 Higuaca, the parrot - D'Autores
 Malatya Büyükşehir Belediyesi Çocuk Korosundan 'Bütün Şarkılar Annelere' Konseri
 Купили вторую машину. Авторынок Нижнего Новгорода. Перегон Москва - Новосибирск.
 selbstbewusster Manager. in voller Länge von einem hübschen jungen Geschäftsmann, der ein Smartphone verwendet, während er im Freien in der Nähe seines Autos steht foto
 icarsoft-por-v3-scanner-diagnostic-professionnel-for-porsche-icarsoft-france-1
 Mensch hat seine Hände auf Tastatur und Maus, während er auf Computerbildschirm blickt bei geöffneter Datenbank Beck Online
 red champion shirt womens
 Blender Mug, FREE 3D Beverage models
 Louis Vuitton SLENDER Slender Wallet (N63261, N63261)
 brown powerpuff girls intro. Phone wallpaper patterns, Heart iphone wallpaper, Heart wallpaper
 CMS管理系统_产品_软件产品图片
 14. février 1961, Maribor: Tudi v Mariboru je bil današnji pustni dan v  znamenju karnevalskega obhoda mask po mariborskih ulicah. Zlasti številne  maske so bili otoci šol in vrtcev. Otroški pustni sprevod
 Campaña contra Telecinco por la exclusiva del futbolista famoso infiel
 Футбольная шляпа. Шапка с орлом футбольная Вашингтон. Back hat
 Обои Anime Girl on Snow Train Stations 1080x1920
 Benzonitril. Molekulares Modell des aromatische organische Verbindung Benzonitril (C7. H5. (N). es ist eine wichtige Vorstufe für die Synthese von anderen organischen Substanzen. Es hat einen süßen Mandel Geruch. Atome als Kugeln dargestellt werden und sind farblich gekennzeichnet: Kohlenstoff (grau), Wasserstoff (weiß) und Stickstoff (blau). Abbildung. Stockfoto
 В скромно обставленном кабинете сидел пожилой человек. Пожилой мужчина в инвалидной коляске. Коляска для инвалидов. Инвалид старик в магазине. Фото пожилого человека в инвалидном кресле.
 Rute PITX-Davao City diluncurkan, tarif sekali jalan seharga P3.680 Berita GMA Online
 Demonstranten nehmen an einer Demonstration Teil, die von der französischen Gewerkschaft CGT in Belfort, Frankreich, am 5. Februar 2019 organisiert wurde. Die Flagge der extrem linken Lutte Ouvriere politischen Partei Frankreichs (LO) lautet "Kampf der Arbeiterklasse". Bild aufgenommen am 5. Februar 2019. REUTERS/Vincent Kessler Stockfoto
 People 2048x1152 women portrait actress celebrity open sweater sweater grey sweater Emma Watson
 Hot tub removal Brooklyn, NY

_ _ _ _ _ _ _

» Exercise description: Tell how many lines in the data include the string "Online". Reply with the number and no other text.

» Answer section: 2